#### Task statement
The required answer is the data below, restated word for word with images omitted.

#### Given information

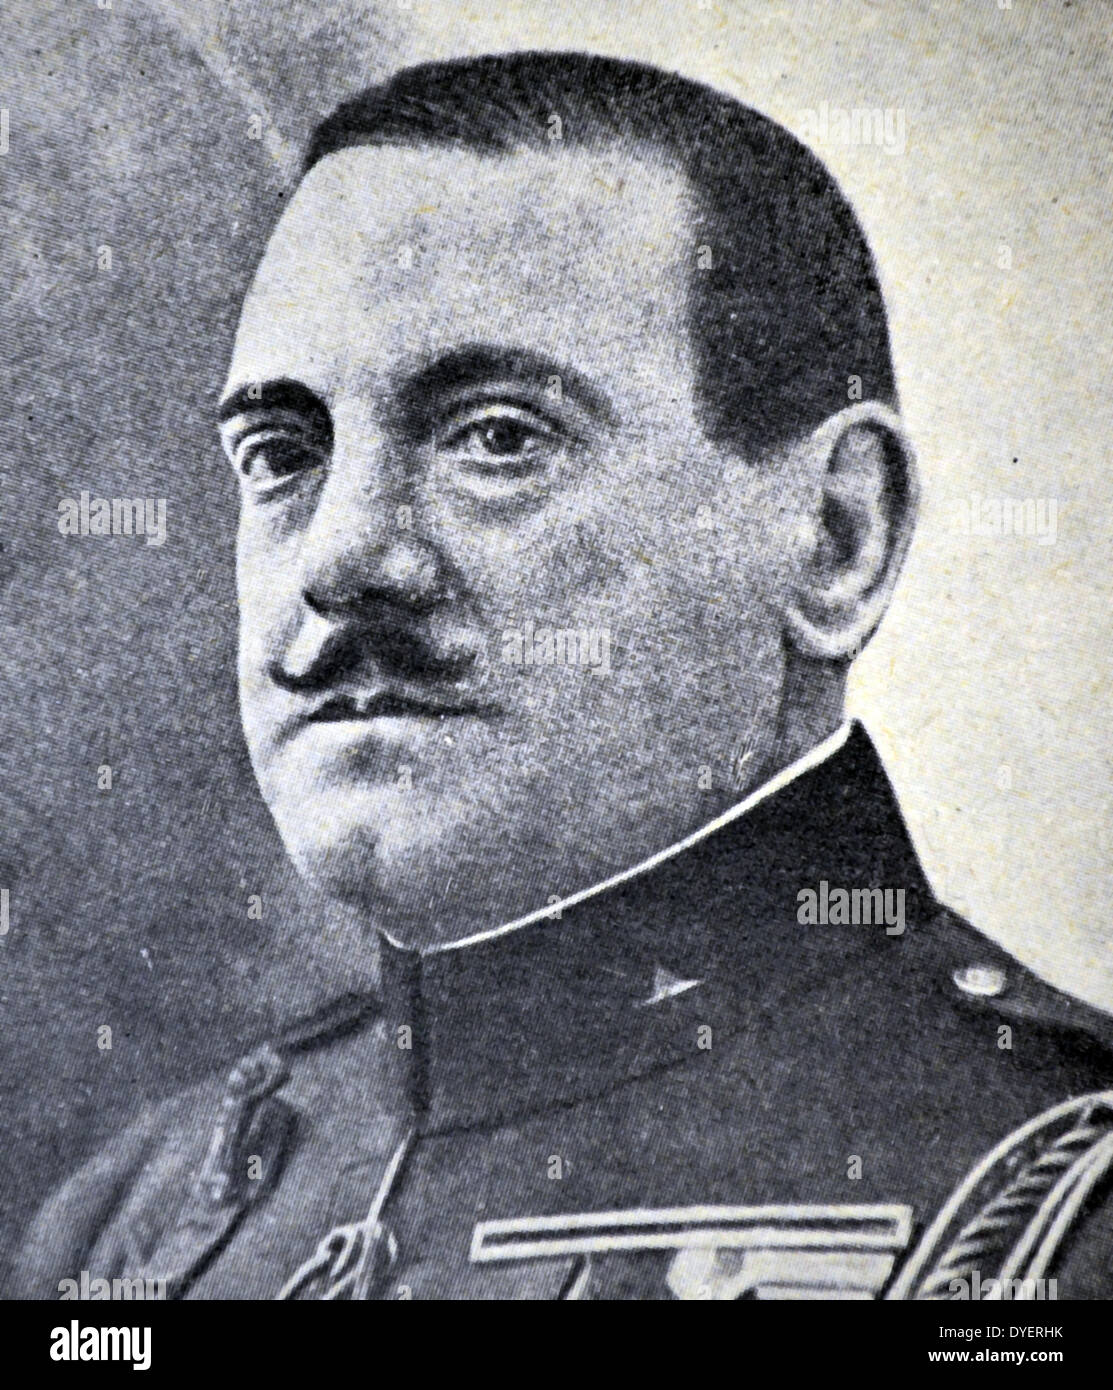 Severiano Martinez Anido (Ferrol, La Coruña, 21 maggio 1862 - Valladolid, 24 dicembre 1938) era un esercito spagnolo, il Ministro degli interni con la dittatura di Primo de Rivera e ministro dell'ordine pubblico del primo governo del generale Francisco Franco. Foto Stock
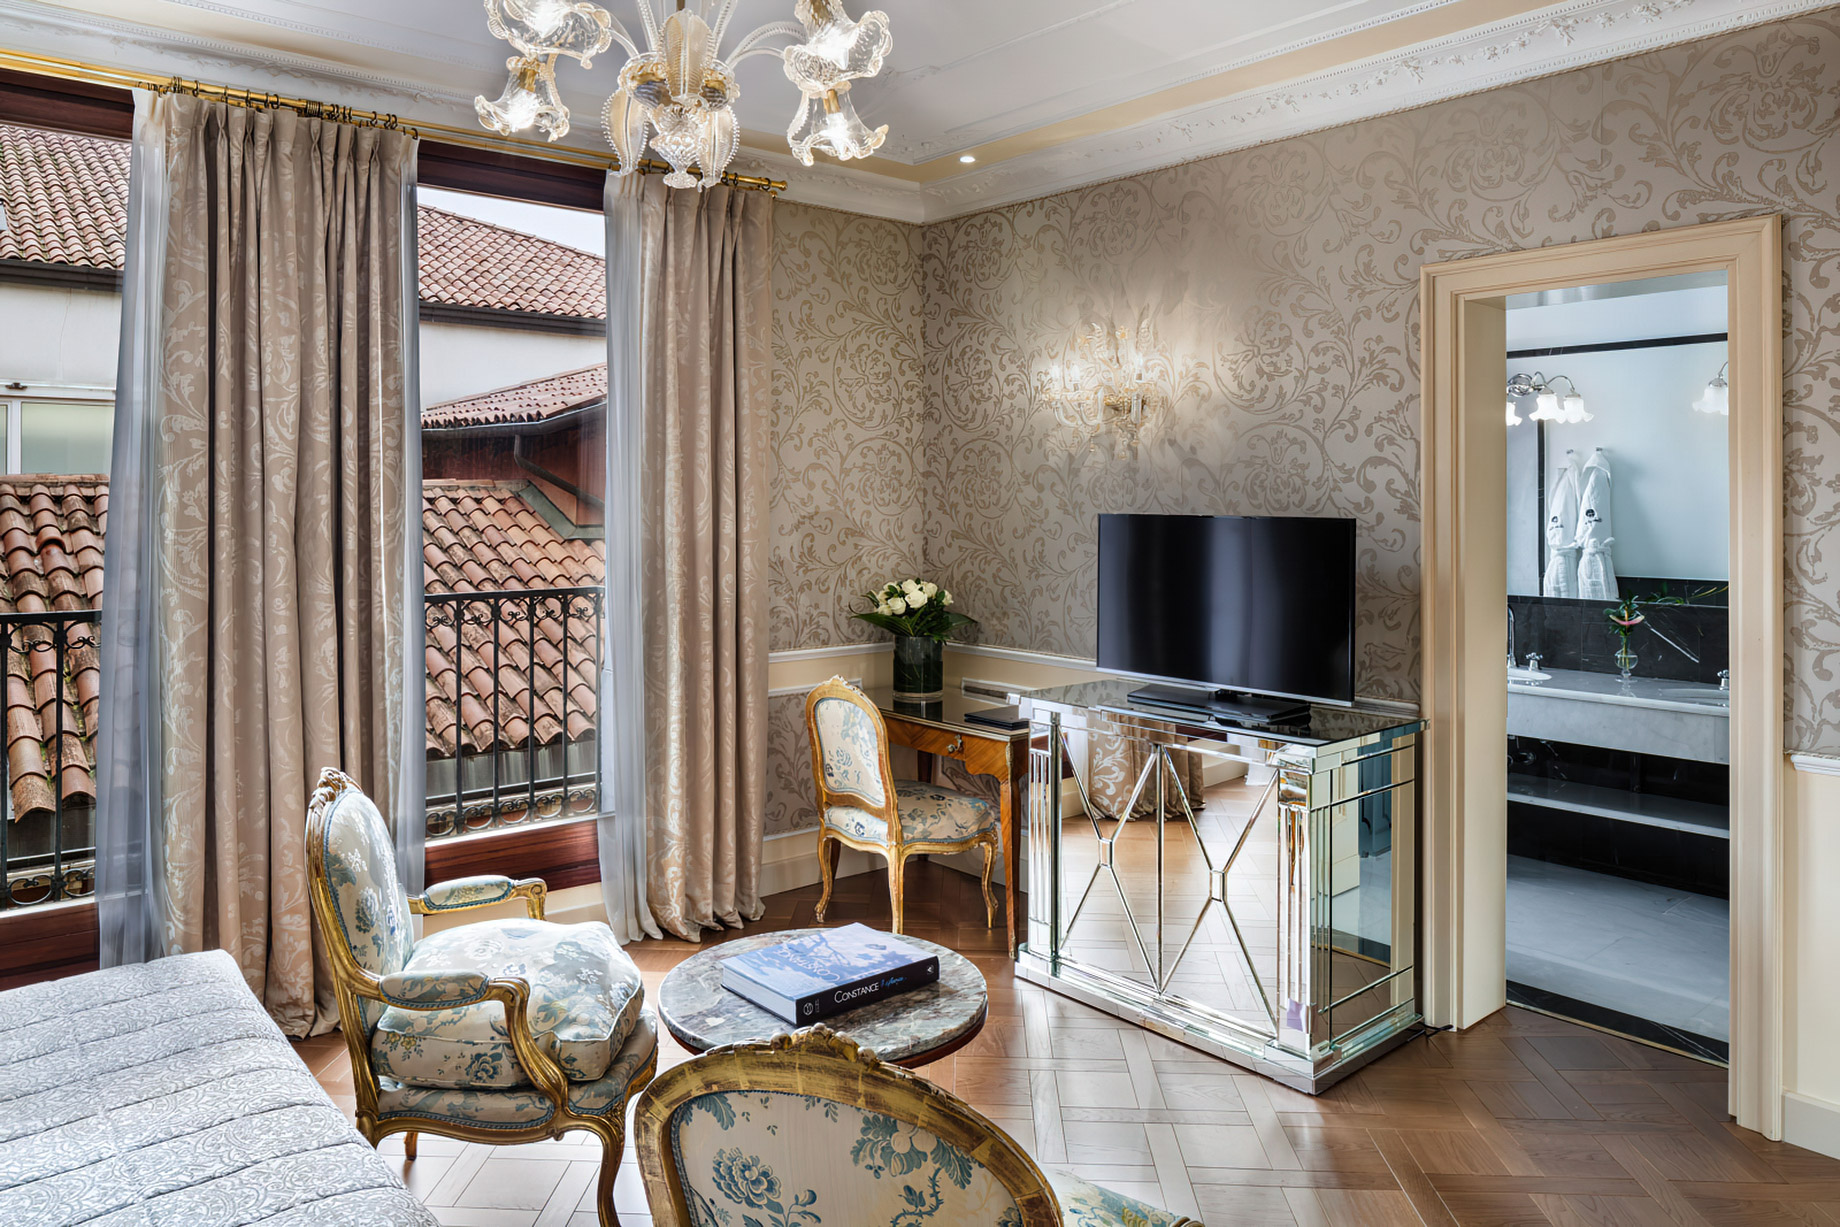 Baglioni Hotel Luna, Venezia – Venice, Italy – Deluxe Room Interior
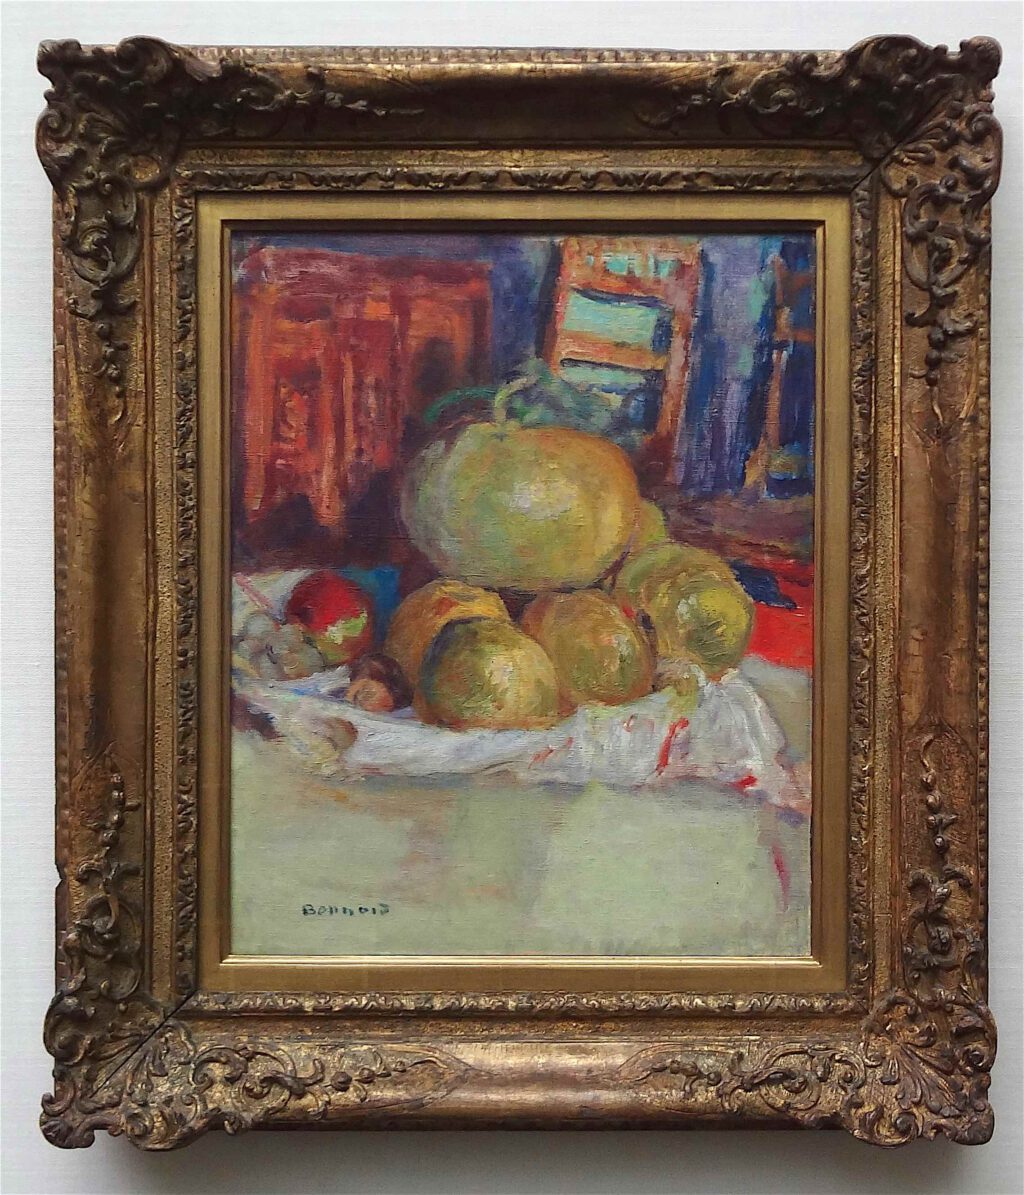 ピエール・ボナール「果物のある静物画」1925年、ウィンタートゥール
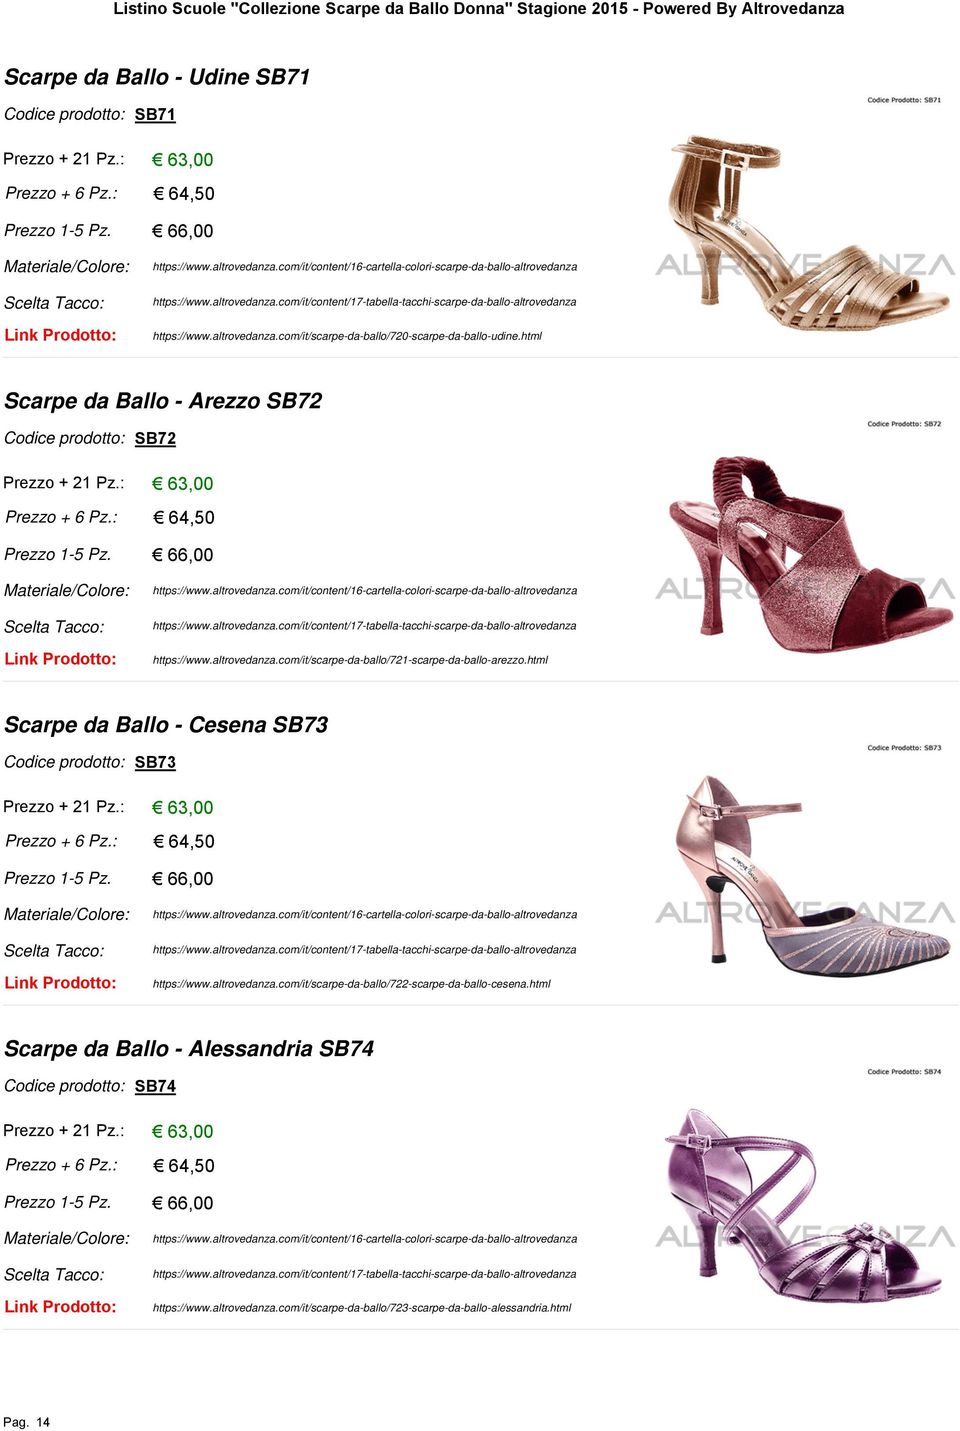 html Scarpe da Ballo - Cesena SB73 SB73 https://www.altrovedanza.com/it/scarpe-da-ballo/722-scarpe-da-ballo-cesena.

#### Solution below
 Severiano Martinez Anido (Ferrol, La Coruña, 21 maggio 1862 - Valladolid, 24 dicembre 1938) era un esercito spagnolo, il Ministro degli interni con la dittatura di Primo de Rivera e ministro dell'ordine pubblico del primo governo del generale Francisco Franco. Foto Stock
 Baglioni Hotel Luna, Venezia – Venice, Italy – Deluxe Room Interior
 ピエール・ボナール「果物のある静物画」1925年、ウィンタートゥール
 html Scarpe da Ballo - Cesena SB73 SB73 https://www.altrovedanza.com/it/scarpe-da-ballo/722-scarpe-da-ballo-cesena.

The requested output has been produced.